Fruits, leafy greens, nuts, and even pickle juice or bone broth are solid whole-food sources of electrolytes if you can keep food down.
Food
Eating won’t sober you up, but it can settle your stomach and give your body fuel for recovery. Bland, easy-to-digest foods like toast, bananas, rice, or eggs are good starting points. If you’re nauseous, start small and work up. A meal before or during drinking slows alcohol absorption in the first place, but eating afterward still helps with recovery comfort.
Sleep
Sleep is one of the most effective things you can do, not because it speeds up metabolism, but because it lets time pass while your body recovers. Alcohol disrupts sleep quality, so even if you sleep for eight hours after heavy drinking, you may not feel fully rested. Still, any sleep is better than none. Lying down on your side (not your back) is safer if you’re still feeling the effects, since it reduces the risk of choking if you vomit.
A Realistic Morning-After Timeline
If you stopped drinking at midnight after six standard drinks, your body is still processing alcohol until roughly 6 a.m., possibly later. You could still be legally impaired when your alarm goes off. Many people get a DUI the morning after a night of heavy drinking because they assume a few hours of sleep cleared everything out. It didn’t.

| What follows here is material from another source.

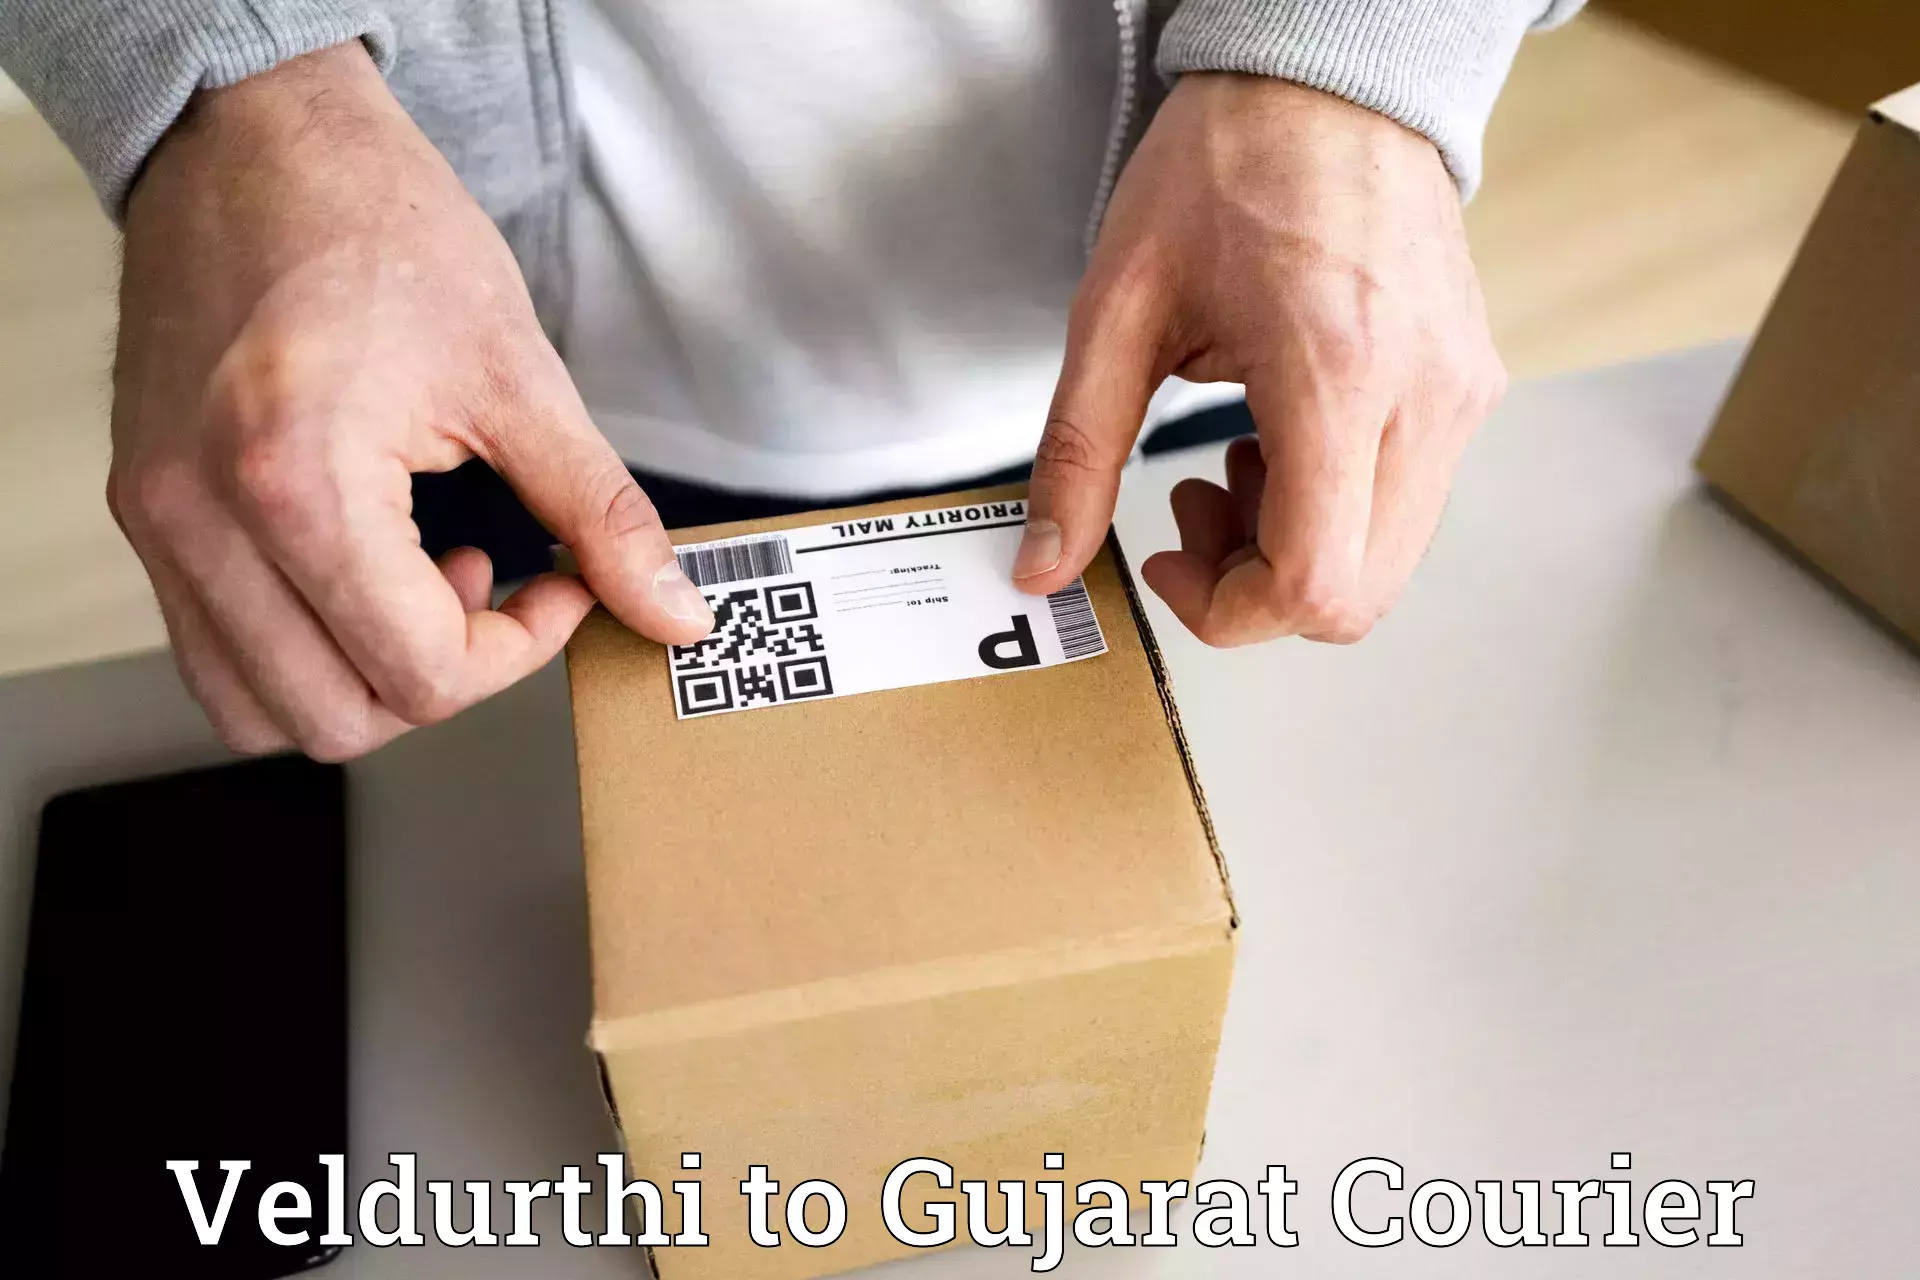 Courier tracking online Veldurthi to Dahej

Hangover symptoms often peak several hours after your blood alcohol level returns to zero. This happens because the toxic intermediate your liver produces while breaking down alcohol lingers and causes inflammation. So even after you’re technically “sober,” you can feel terrible for hours. Headache, nausea, sensitivity to light, irritability, and brain fog are all normal parts of this process. They fade as your body finishes clearing the byproducts and rehydrates.
For most people after a heavy night, expect to feel noticeably off for 12 to 24 hours. Lighter drinking sessions resolve faster.
Signs That Need Emergency Attention
There’s a difference between a bad hangover and alcohol poisoning, and it’s important to know where that line is. Alcohol overdose happens when so much alcohol floods the bloodstream that the brain areas controlling breathing, heart rate, and body temperature start shutting down. Warning signs include:
- Mental confusion or stupor beyond normal drunkenness
- Inability to wake someone up or difficulty staying conscious
- Vomiting while unconscious
- Seizures
- Slow breathing (fewer than 8 breaths per minute)
- Irregular breathing with gaps of 10 seconds or more between breaths
- Bluish or very pale skin, clammy to the touch
- Extremely low body temperature
You do not need to see all of these symptoms to call for help. A person who has passed out from drinking can die. If someone is unconscious and you can’t wake them, call 911 immediately.
What You Can Do Right Now
If you’re reading this at 3 a.m. trying to feel better, here’s the short version. Drink a full glass of water, then another one. Eat something bland if your stomach allows it. Take an over-the-counter pain reliever for your headache if needed (avoid acetaminophen, which is hard on your liver when combined with alcohol). Set an alarm that gives you extra time in the morning. Then go to sleep on your side and let your body do what only it can do.
If you need to drive or operate anything in the morning, count your drinks honestly and give yourself at least one hour per standard drink from when you stopped. When in doubt, wait longer. The “I feel fine” test is unreliable, especially with caffeine in your system masking the sedation while your reflexes and judgment remain impaired.